All the strange things about the theory of relativity are a consequence of what observation? (Remember the Lorentz factor)

Answer 116

that c is the same for all observers

Question 117

Why can nothing ever exceed the speed of light?

Answer 117

because c is the same for all observers/no matter how fast you go, light is always going much faster, so you’ll never be able to catch it

Question 118

In the Lorentz factor equation, what variable is often referred to as the speed of light?

Answer 118

the constant c

Question 119

Although the constant c is referred to as the speed of light, it is more precisely?

Answer 119

the speed of light in empty space

Question 120

How does passing through a substance, such as glass, affect the speed of light?

Answer 120

it slows it down (but still doesn’t change any analysis through the Lorentz equation)

Question 121

Why is the constant c from the Lorentz factor equation often referred to as the speed of light?

Answer 121

because it was the first thing reocngized to travel at the speed

Question 122

True or False?
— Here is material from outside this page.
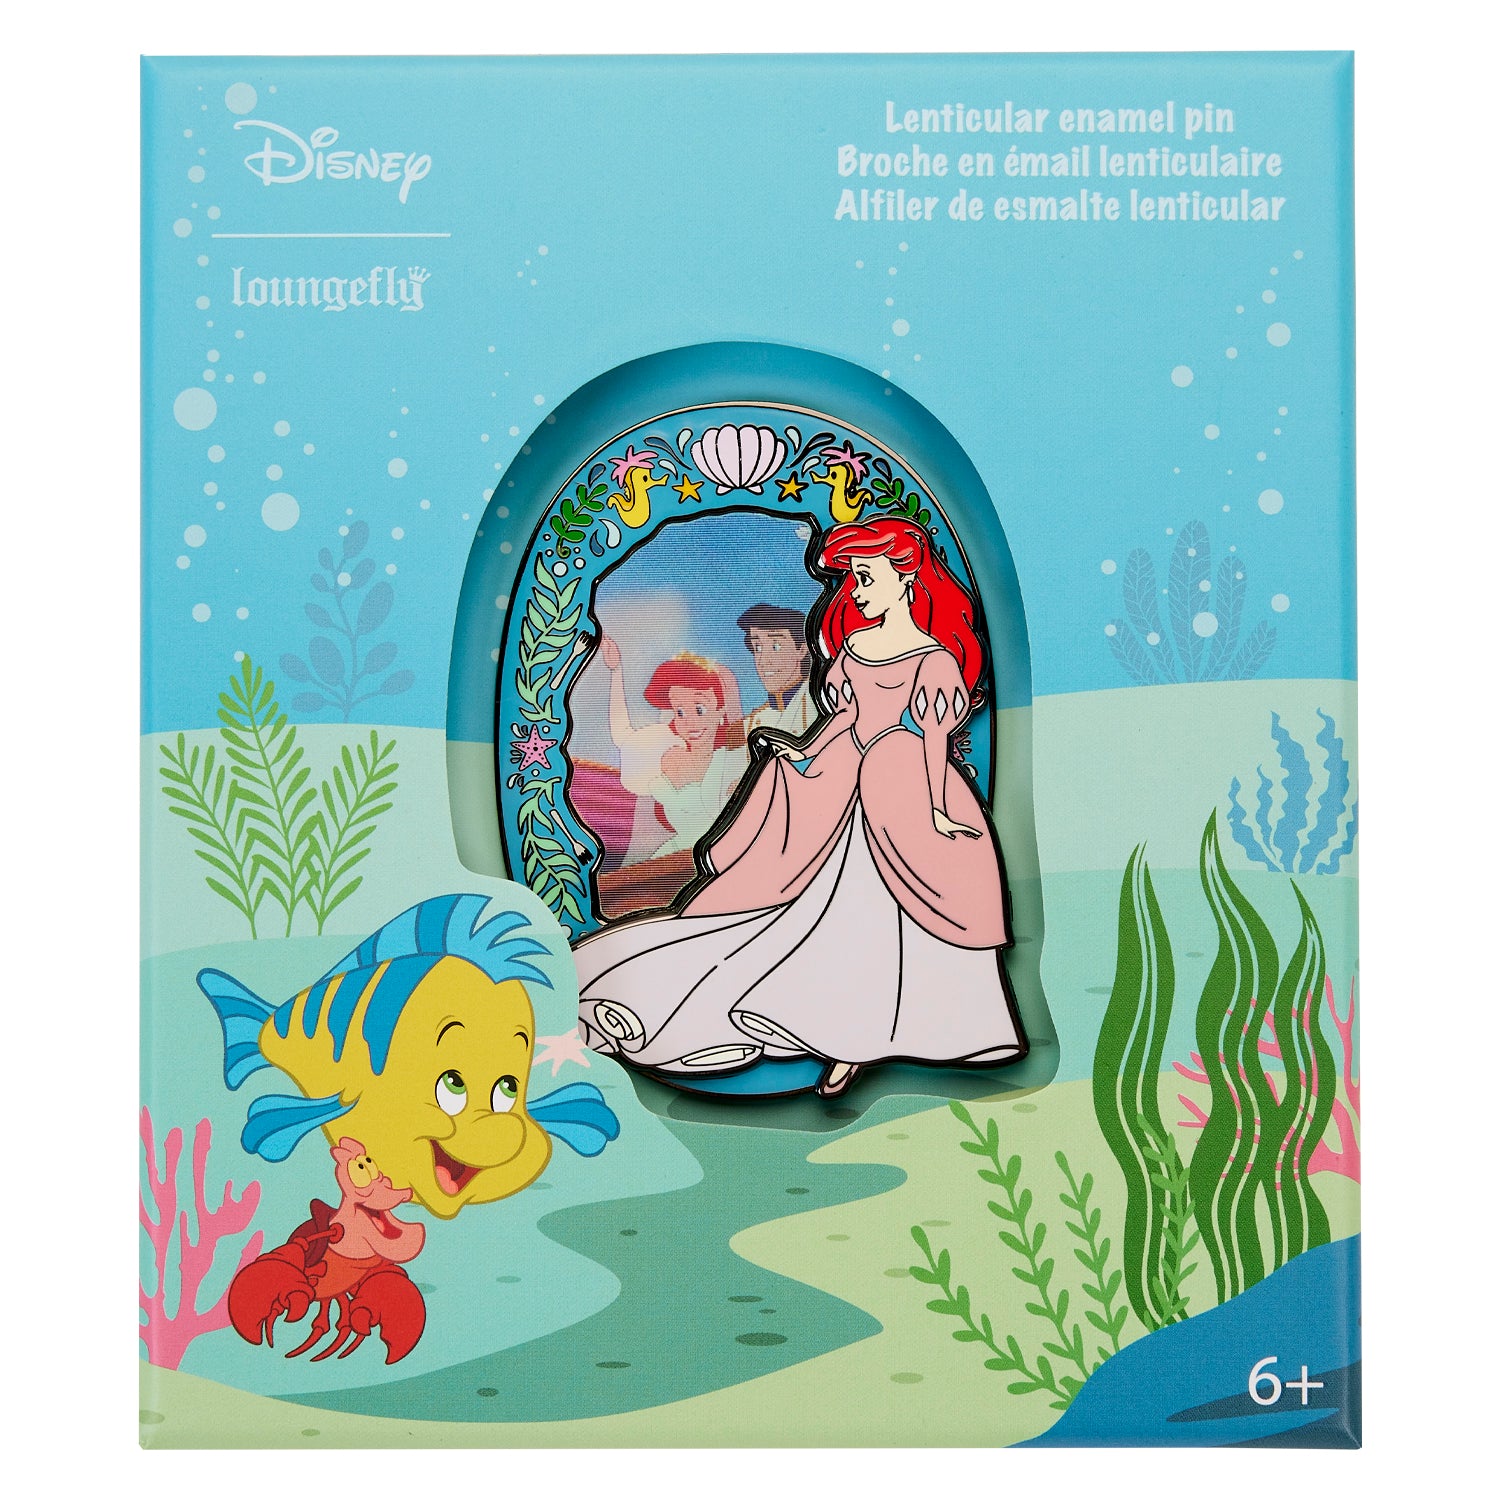 Loungefly Disney Little Mermaid Princess Lenticular 3" Limited Edition Collector Box Pin  - *PREORDER*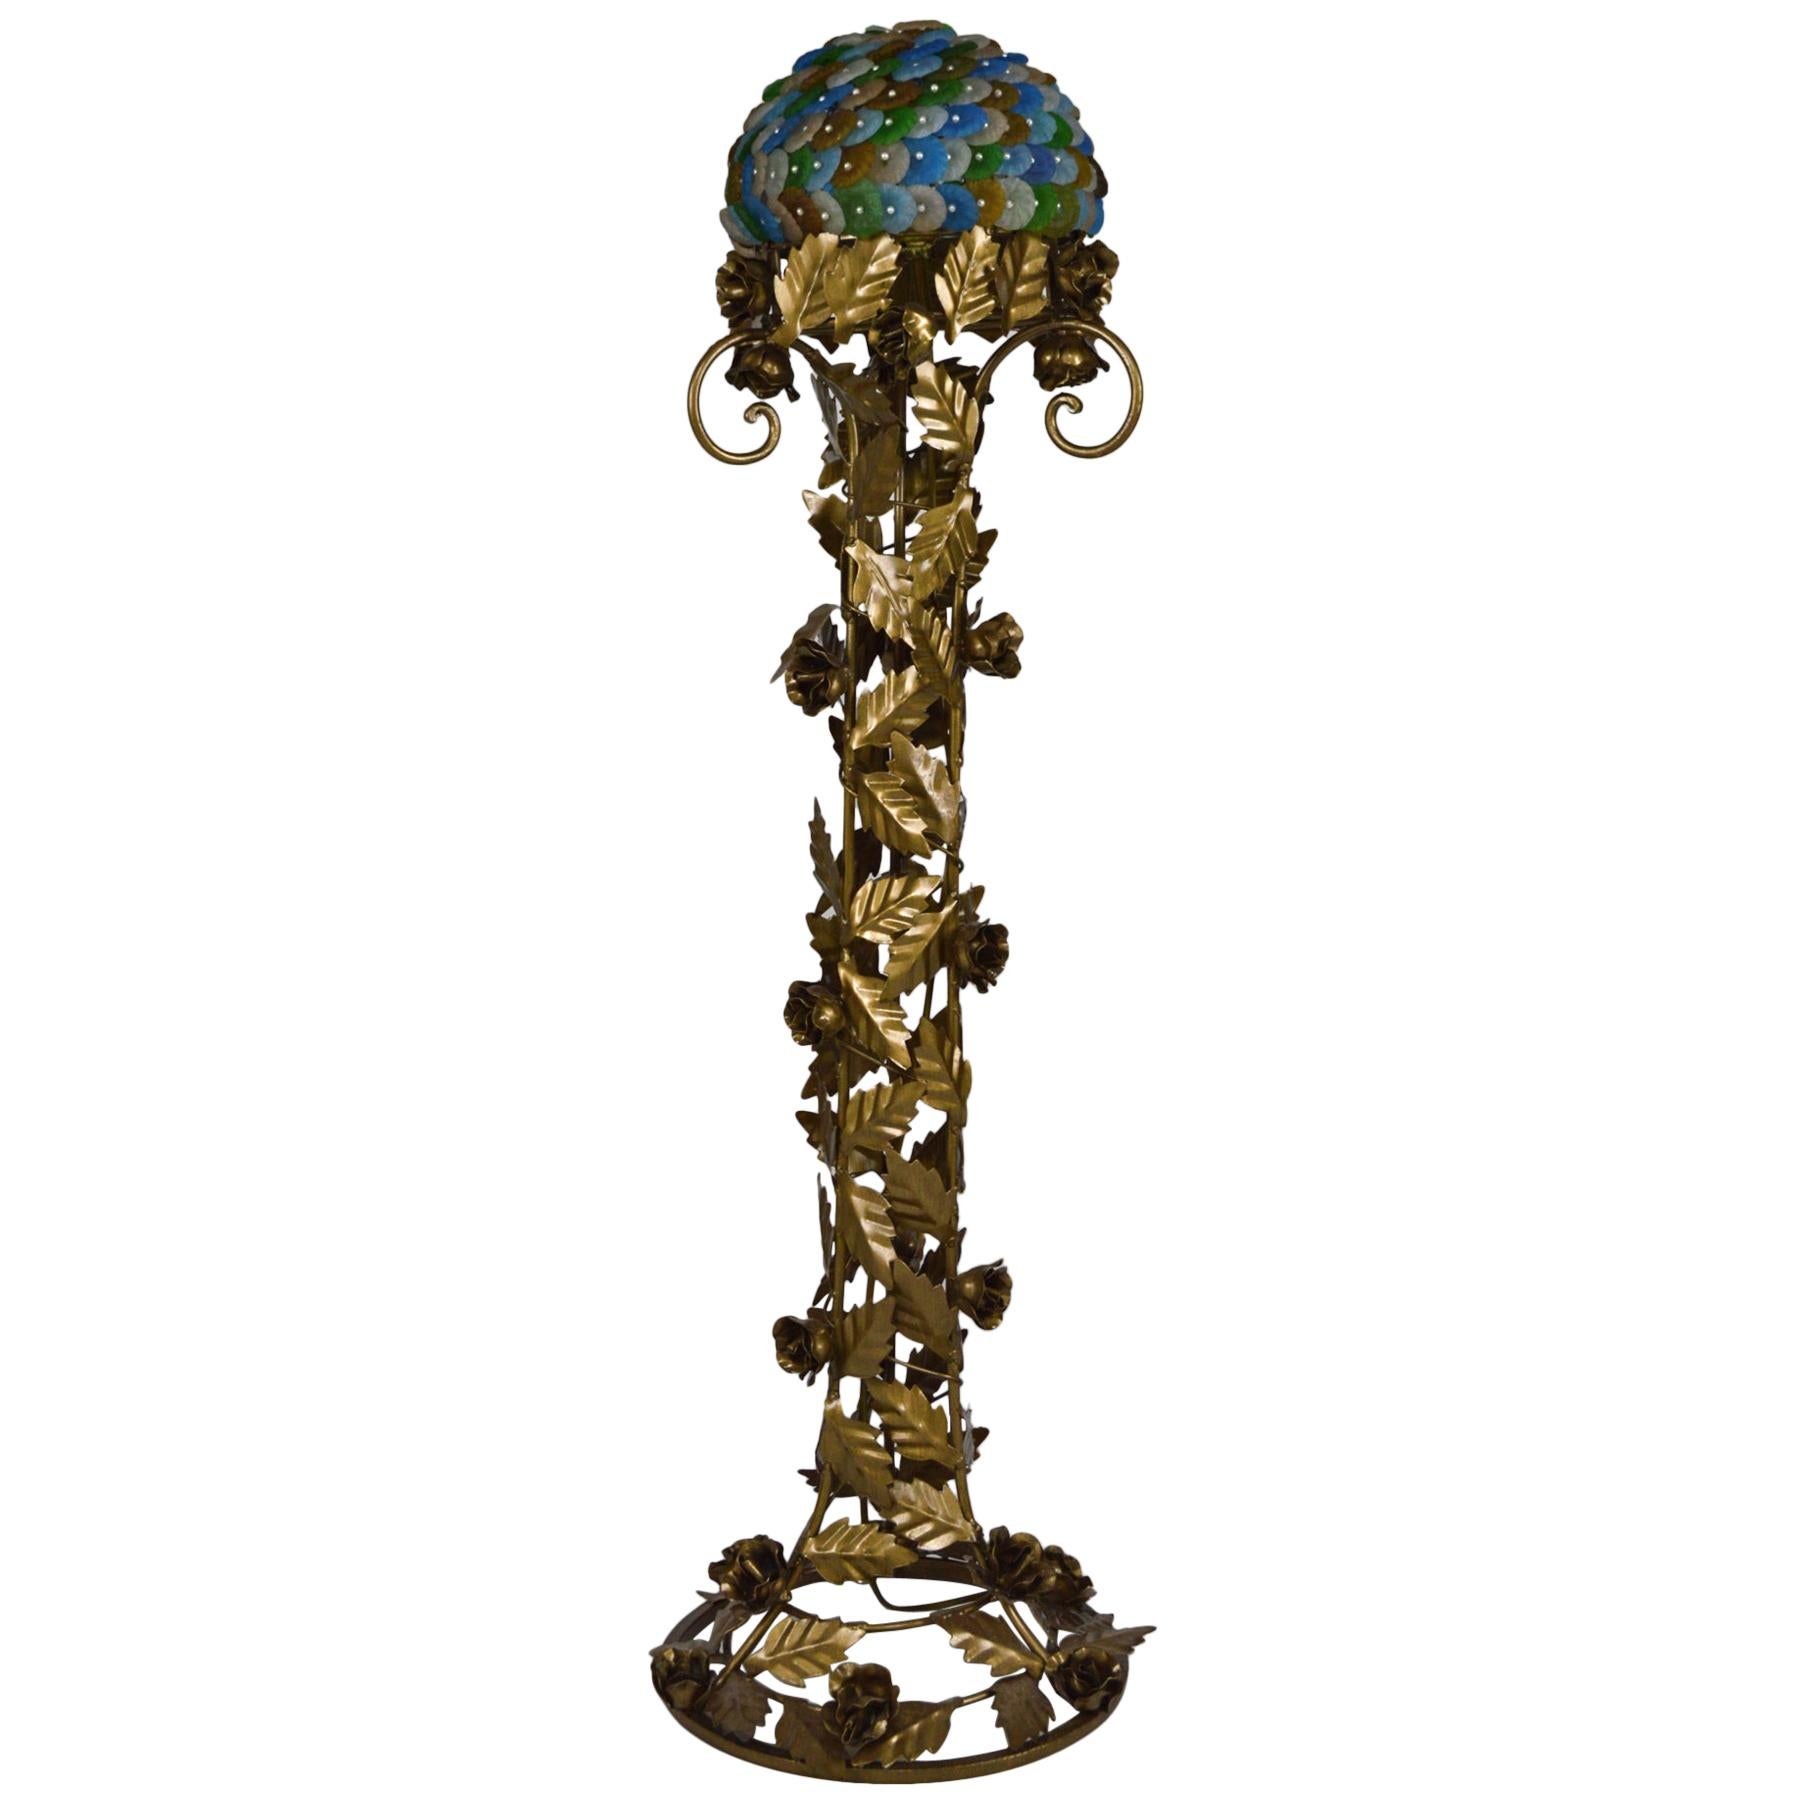 Floral Art Deco Floor Lamp in Gilded Wrought Iron & Glass Flowers, circa 1930 For Sale

The constant c is specifically tied to the motion of light since it is often referred to as the speed of light

Question 123

What key assumption did Einstein make about the speed of light?

Answer 123

The speed of light (c) is constant for all observers, regardless of their motion.

Question 124

What did Einstein reject that earlier scientists believed in?

Answer 124

The idea of a mysterious “ether” through which light was thought to travel.

Question 125

What question did Einstein ask about chasing a beam of light?

Answer 125

If you moved at light speed, would the light appear to stop moving?

Question 126

What was Einstein’s answer to that question?

Answer 126

No one can reach or match the speed of light. Every observer measures light as moving at speed c.

Question 127

If two observers both measure the speed of light as c, what must differ between them?

Answer 127

Their measurements of time and distance.

Question 128

What is the thought experiment with the scooter meant to show?

Answer 128

That two observers (you and the scooter rider) both measure light’s speed as c, even though they disagree on distance and time.

Question 129

What paradox arises in the scooter experiment?

Answer 129

Both observers see light move at c, but they disagree on how far it travels in one second.

Question 130

How did Einstein resolve this paradox?

Answer 130

By proposing that time itself is relative—it passes differently for moving observers.

Question 131

What is the term for time slowing down for a moving observer?

Answer 131

Time dilation.

Question 132

Does each observer see their own time as normal?

Answer 132

Yes — each observer experiences their own clock ticking normally.

Question 133

How does each observer view the other’s clock?

Answer 133

Each sees the other’s clock as running slower than their own.

Question 134

What is length contraction?

Answer 134

The shortening of measured distances for objects moving close to the speed of light.

Question 135

In the spaceship example, why do travelers experience a shorter trip time than observers on Earth?

Answer 135

Because their time runs slower due to time dilation.

Question 136

From the spaceship crew’s perspective, how far is the 25 light-year journey?

Answer 136

Only about 3.5 light-years, due to length contraction.

Question 137

What overall conclusion does Einstein’s theory lead to about space and time?

Answer 137

Space and time are relative—different observers measure different lengths and times depending on their motion.